▶ [PROBLEM TO SOLVE] Leave out the pictures and restate the rest of the data exactly.

▶ [PROVIDED DATA]
------------------------------------------------------------

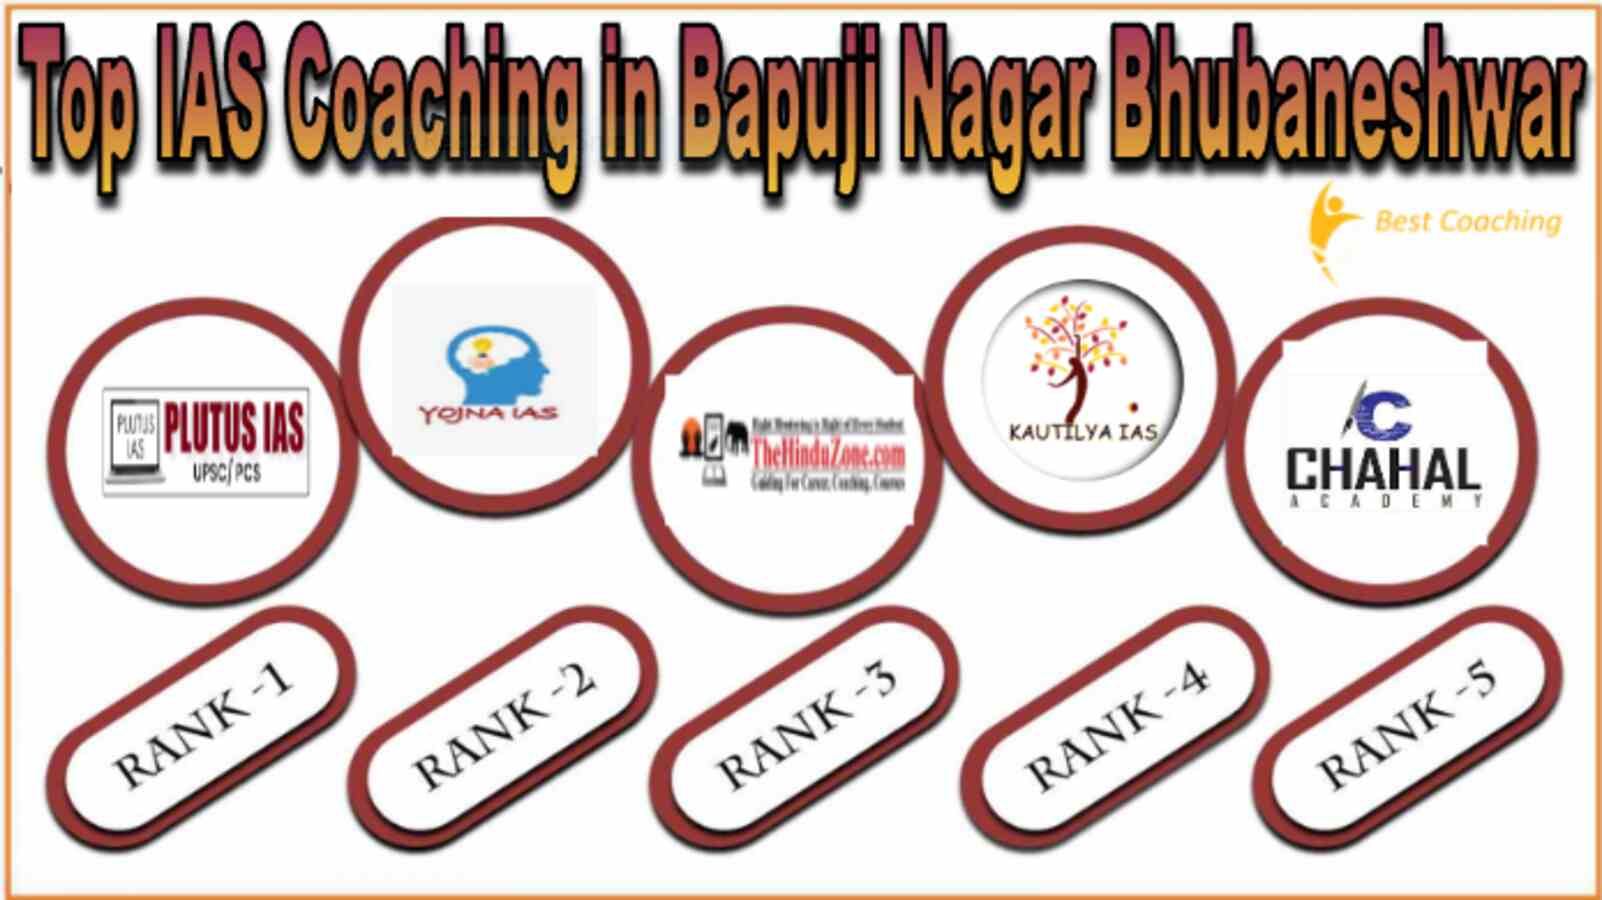 Remove term: Top IAS coaching in Bapuji Nagar Bhubaneshwar Top IAS coaching in Bapuji Nagar Bhubaneshwar
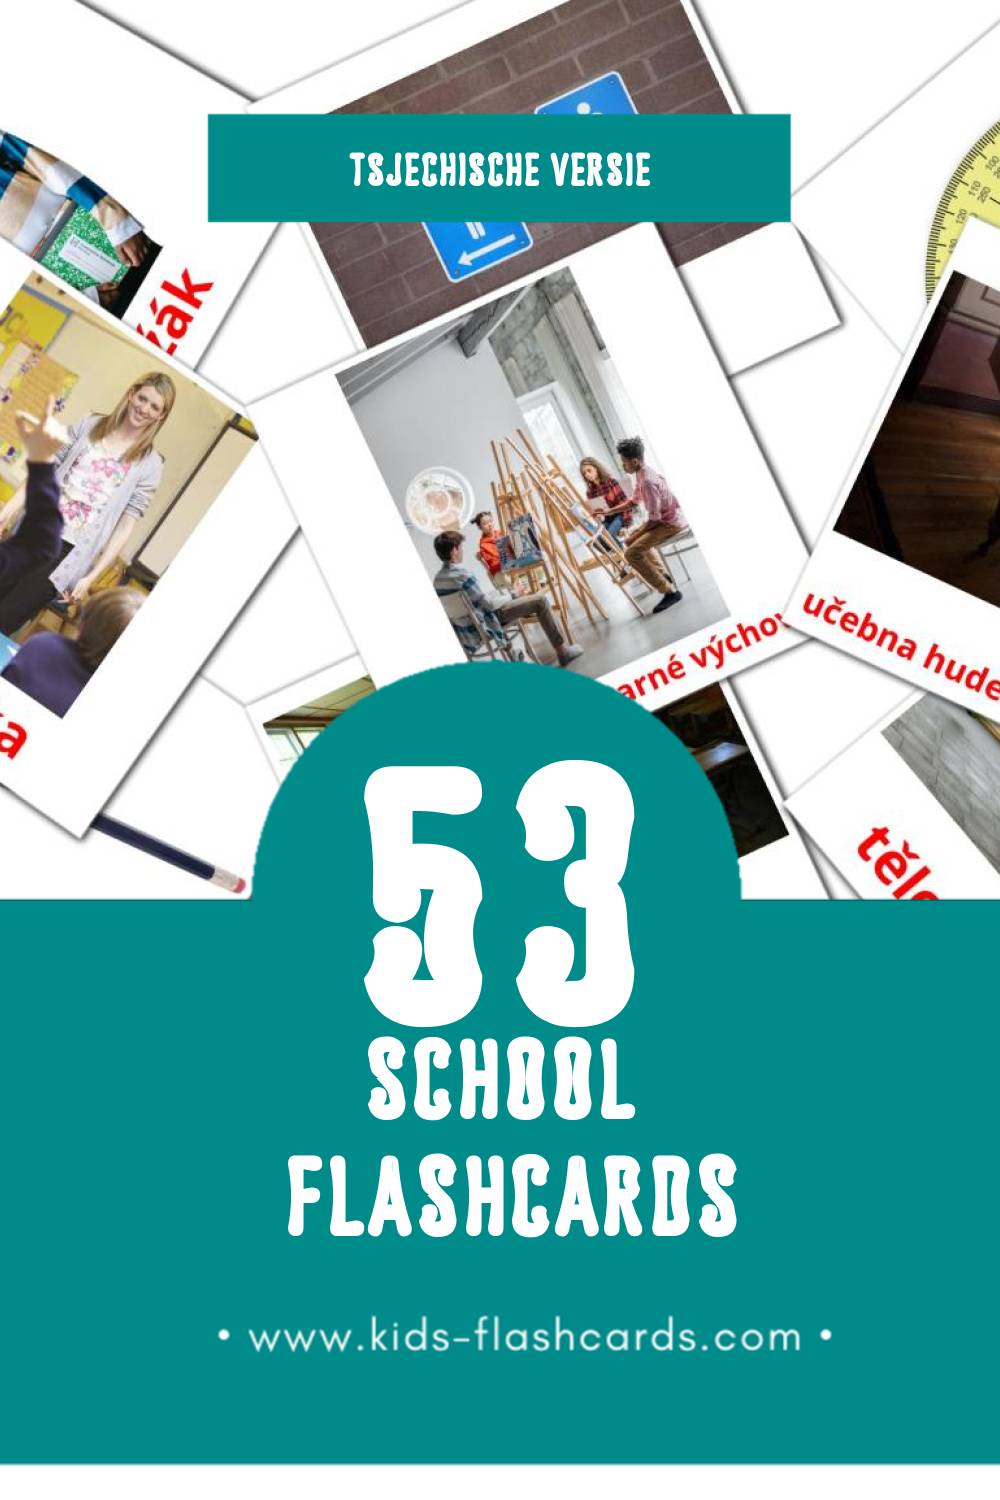 Visuele Škola Flashcards voor Kleuters (53 kaarten in het Tsjechisch)
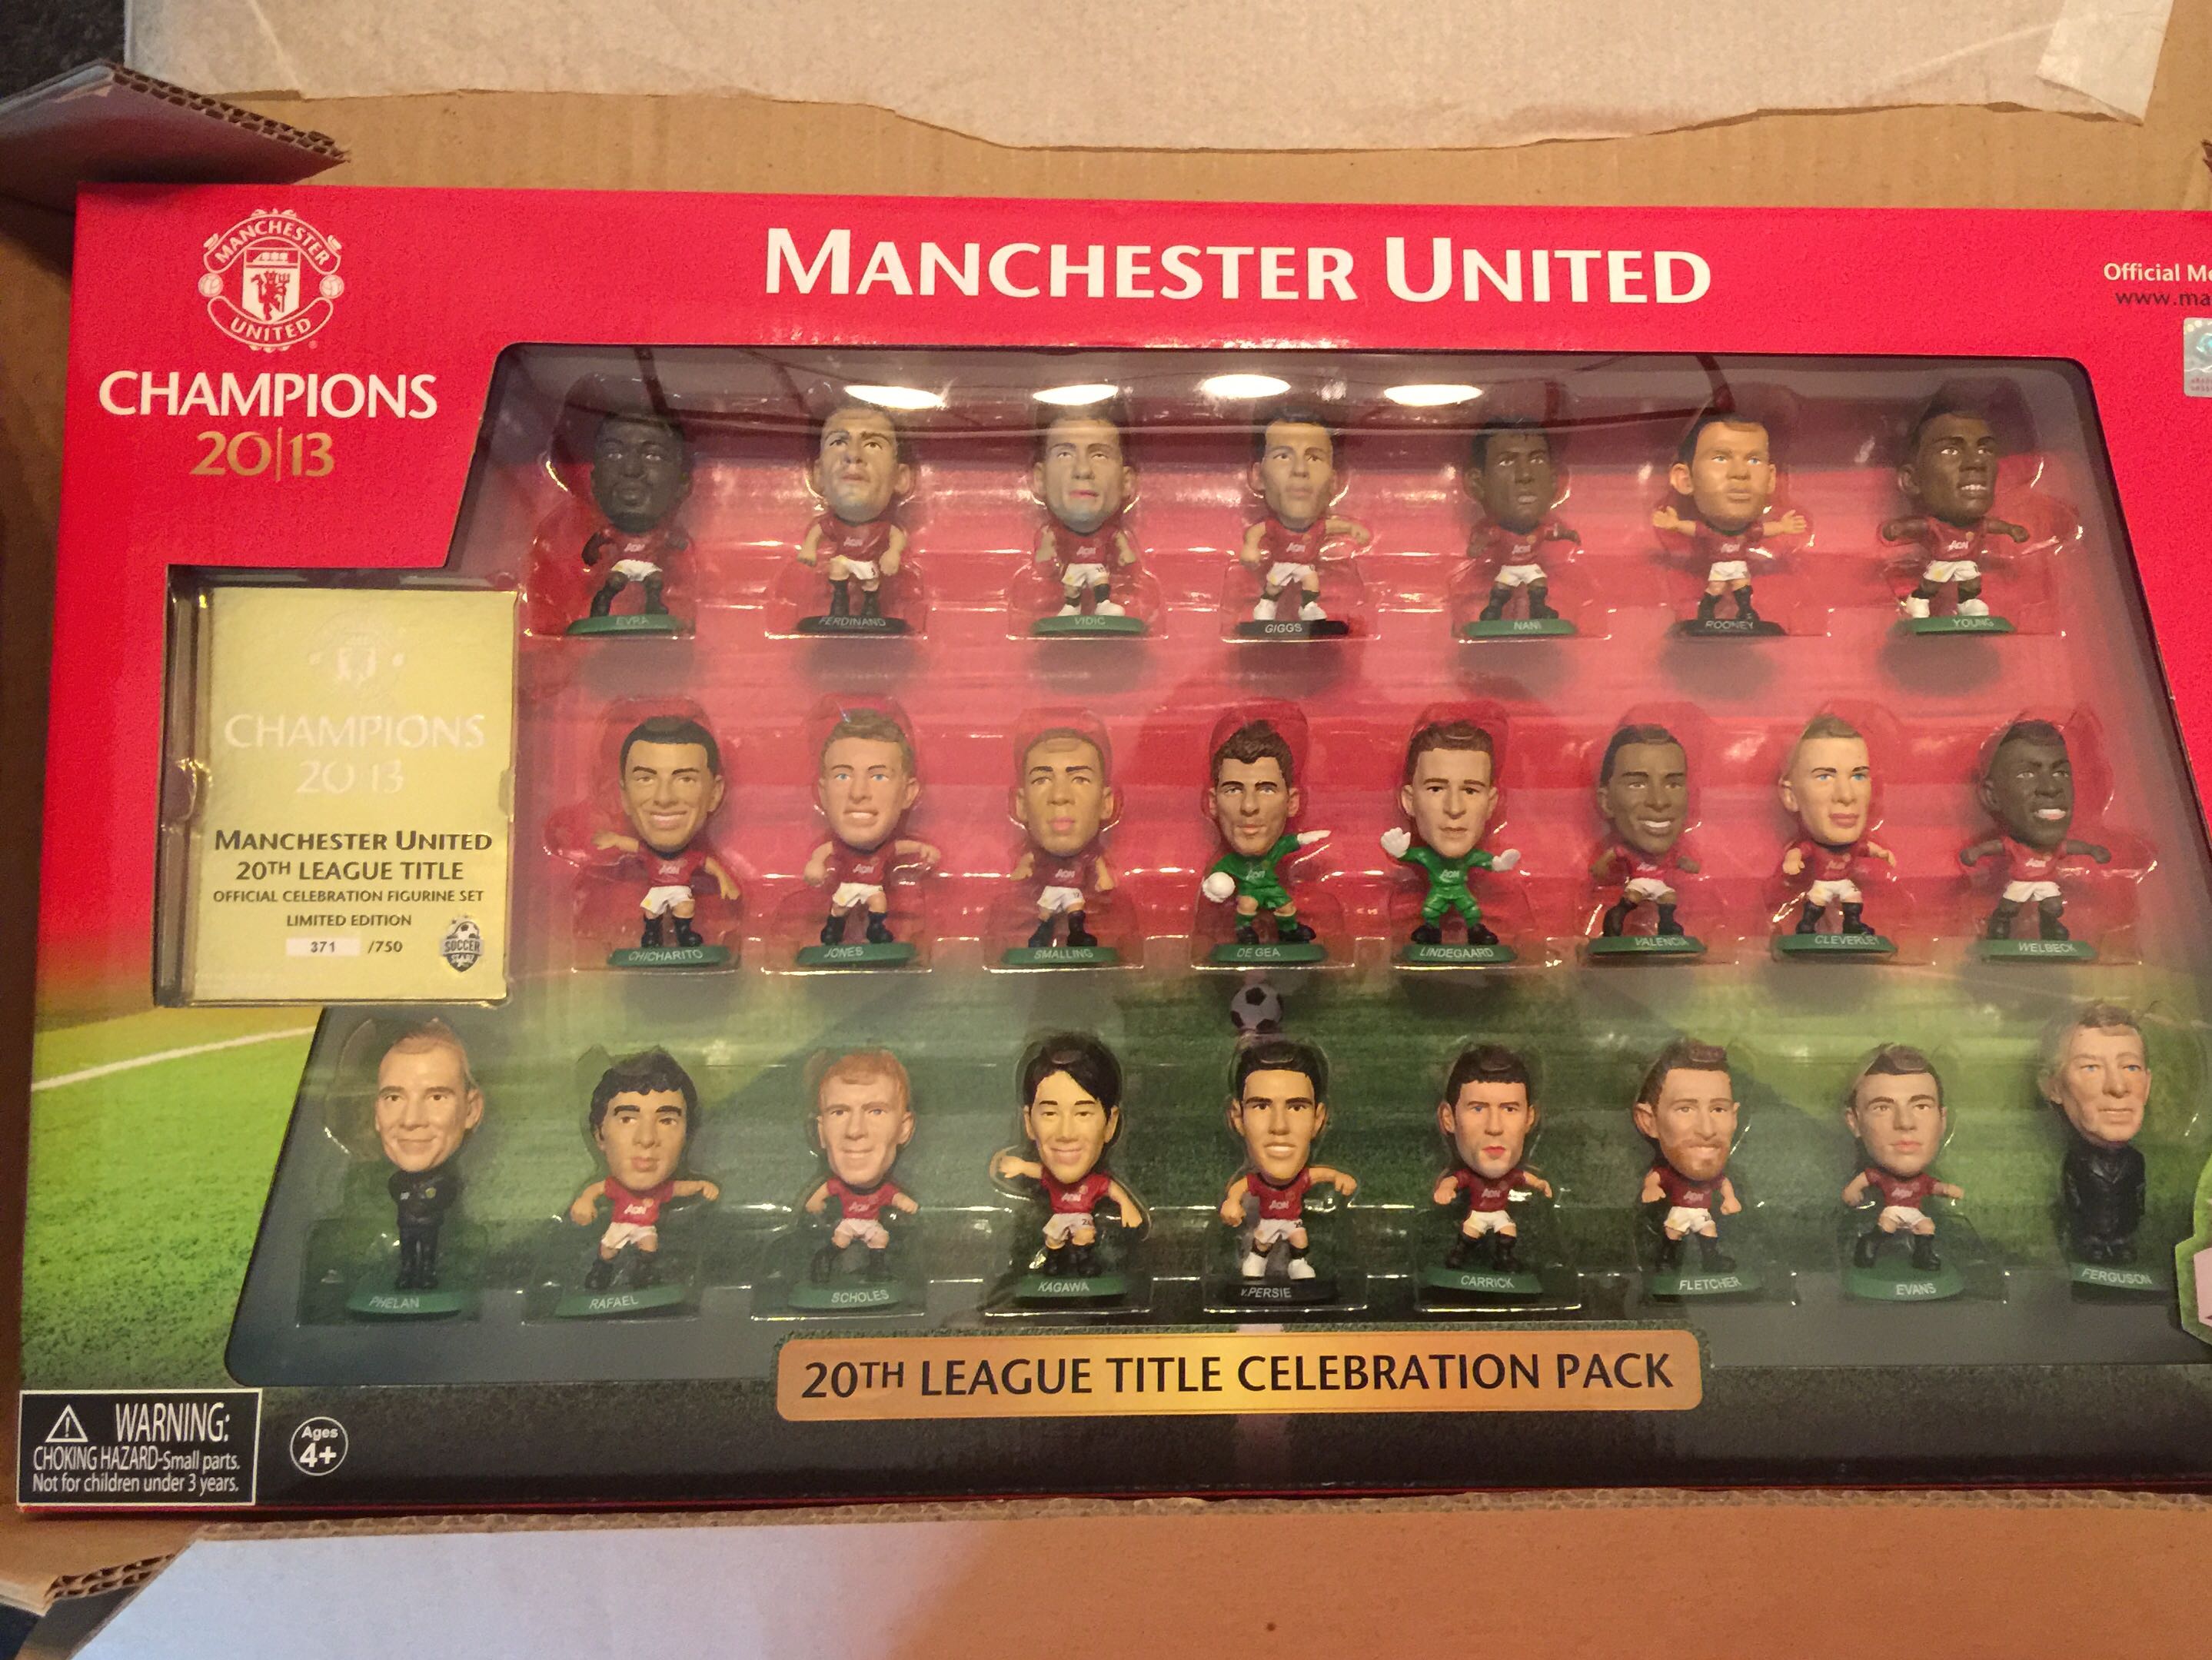 Soccerstarz] Manchester United Team Pack 16-17

------------------------------------------------------------

▶ [ANSWER SPACE]
 Remove term: Top IAS coaching in Bapuji Nagar Bhubaneshwar Top IAS coaching in Bapuji Nagar Bhubaneshwar
 Visuele Škola Flashcards voor Kleuters (53 kaarten in het Tsjechisch)
 Soccerstarz] Manchester United Team Pack 16-17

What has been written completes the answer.